American musician; founding member of rock band Ozma

Ryen Slegr is an American musician best known for being a member of the rock band Ozma. He is also affiliated with The Rentals, Weezer, and Rachel Haden.

== The Rentals ==
In 2006, Slegr performed with The Rentals on their U.S. tour with Ozma. He also engineered and played guitar on The Rentals' 2014 Polyvinyl release Lost in Alphaville.

== Weezer ==
Slegr co-wrote the song "Eulogy for a Rock Band" on Weezer's 2014 Universal Records release Everything Will Be Alright in the End.

== Miscellaneous ==
In 2012, Slegr played guitar and keyboards for Rachel Haden at several shows in Los Angeles and San Francisco in a band with Adam Phaler of Jawbreaker and Warren Defever of His Name is Alive.

== Education ==
Slegr graduated from the University of California, Los Angeles with a degree in history.
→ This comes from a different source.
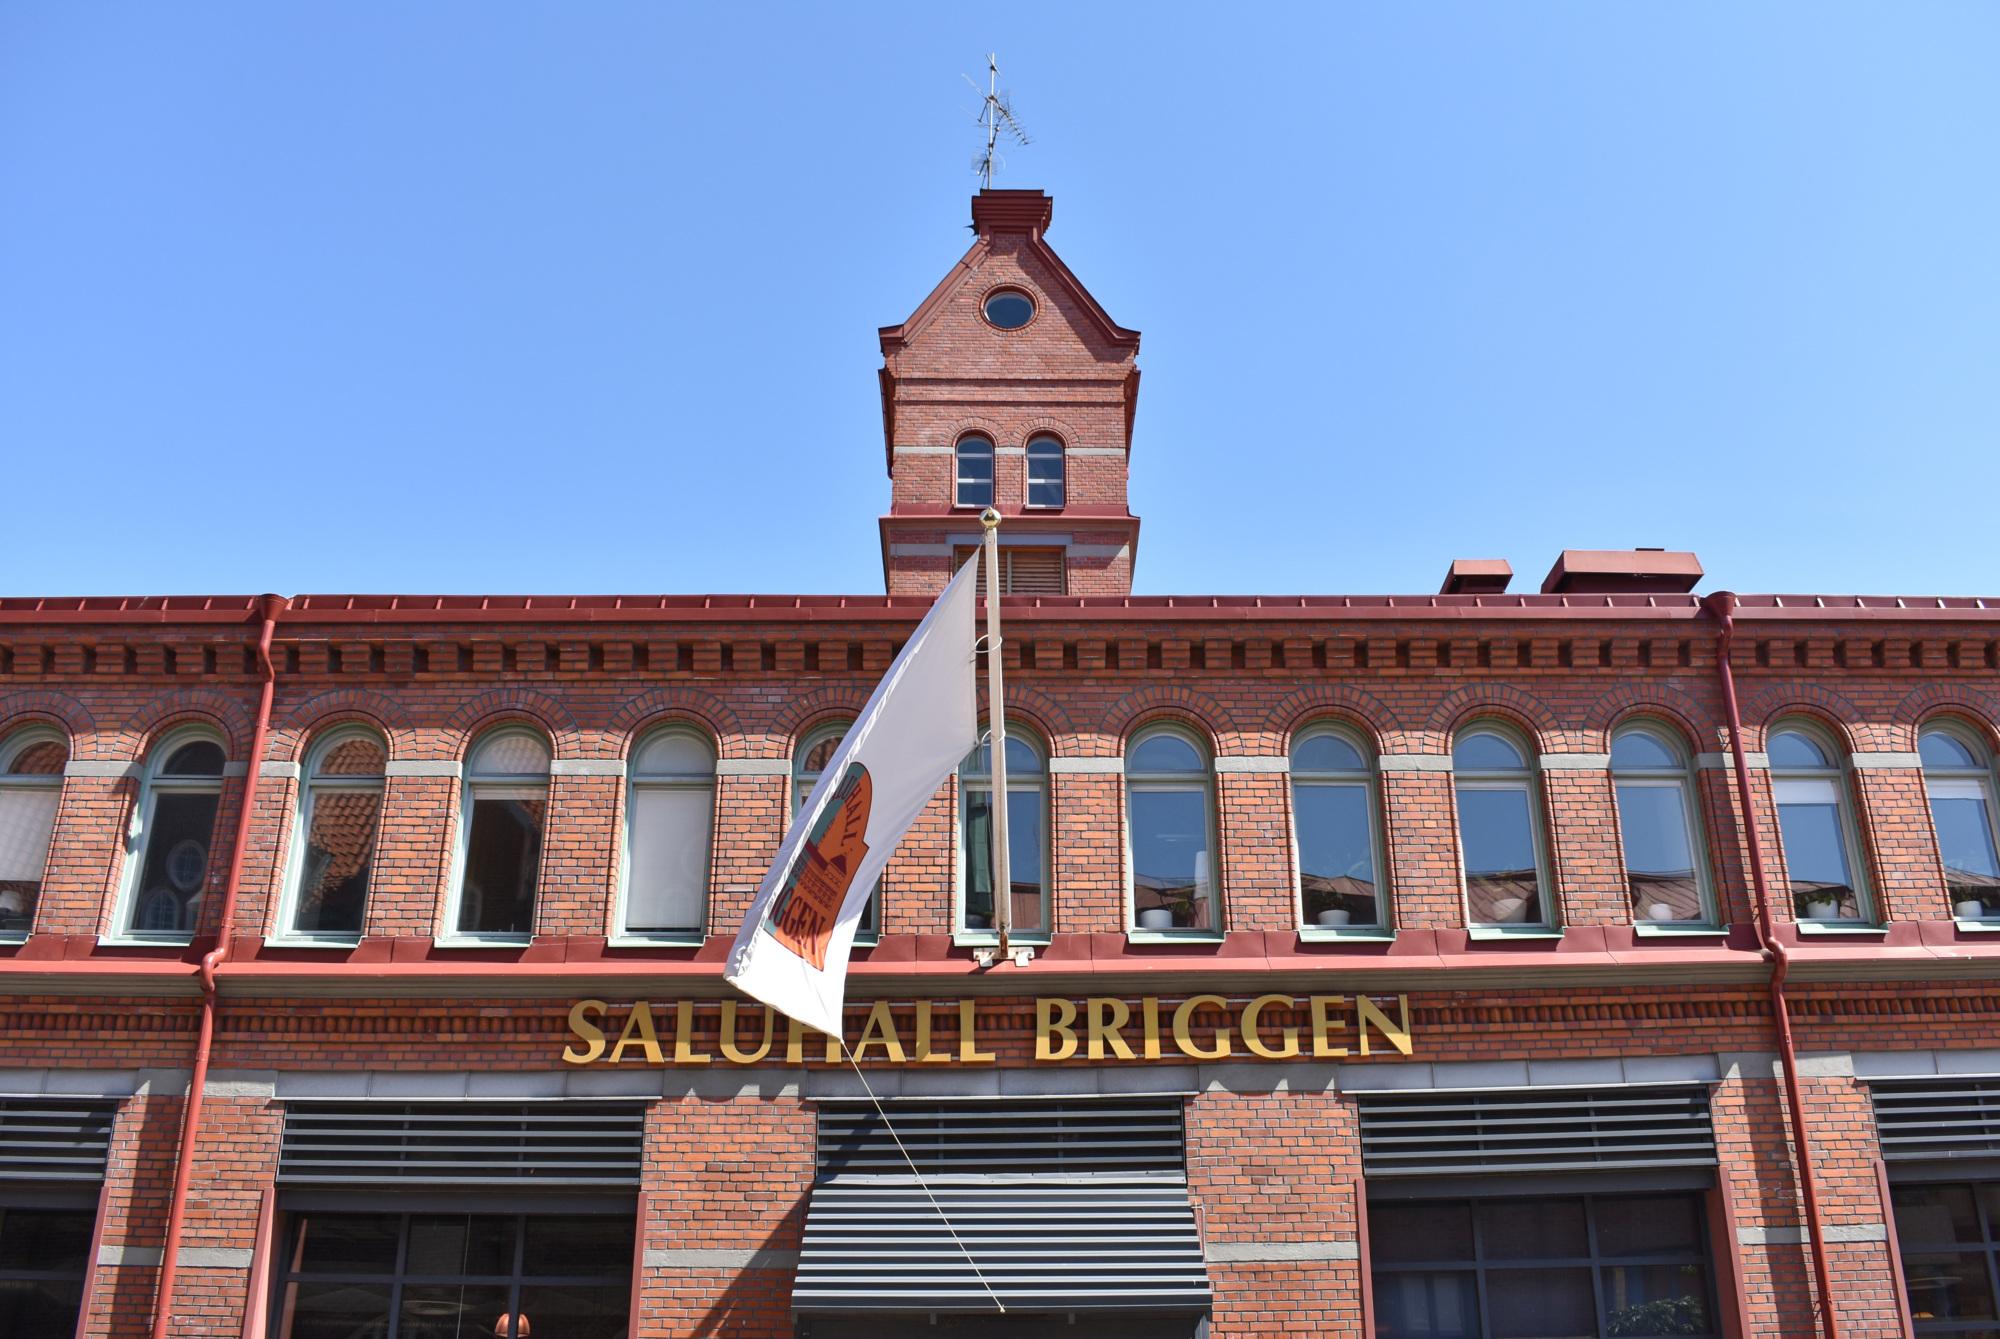 Tegelfasad med flagga och texten Saluhall Briggen

He also studied Japanese court music called Gagaku at UCLA and took various music classes at Pasadena City College, including Spud Murphy's Equal Interval System.

== Discography ==

=== Ozma ===
- Rock and Roll Part Three (Kung Fu, 2000)
- The Doubble Donkey Disc (Kung Fu, 2001)
- Spending Time on the Borderline (Kung Fu, 2003)
- Pasadena (About A Girl/Sony BMG, 2007)
- Boomtown (2014)

=== The Rentals ===
- The Last Little Life EP (Boompa Records, 2007)
- Songs About Time (2009)
- Lost in Alphaville (Polyvinyl Record Co., 2014)

=== Weezer ===
- "Everything Will Be Alright In The End" (2014)

=== Ryen Slegr ===
- Eleven Runners (2011)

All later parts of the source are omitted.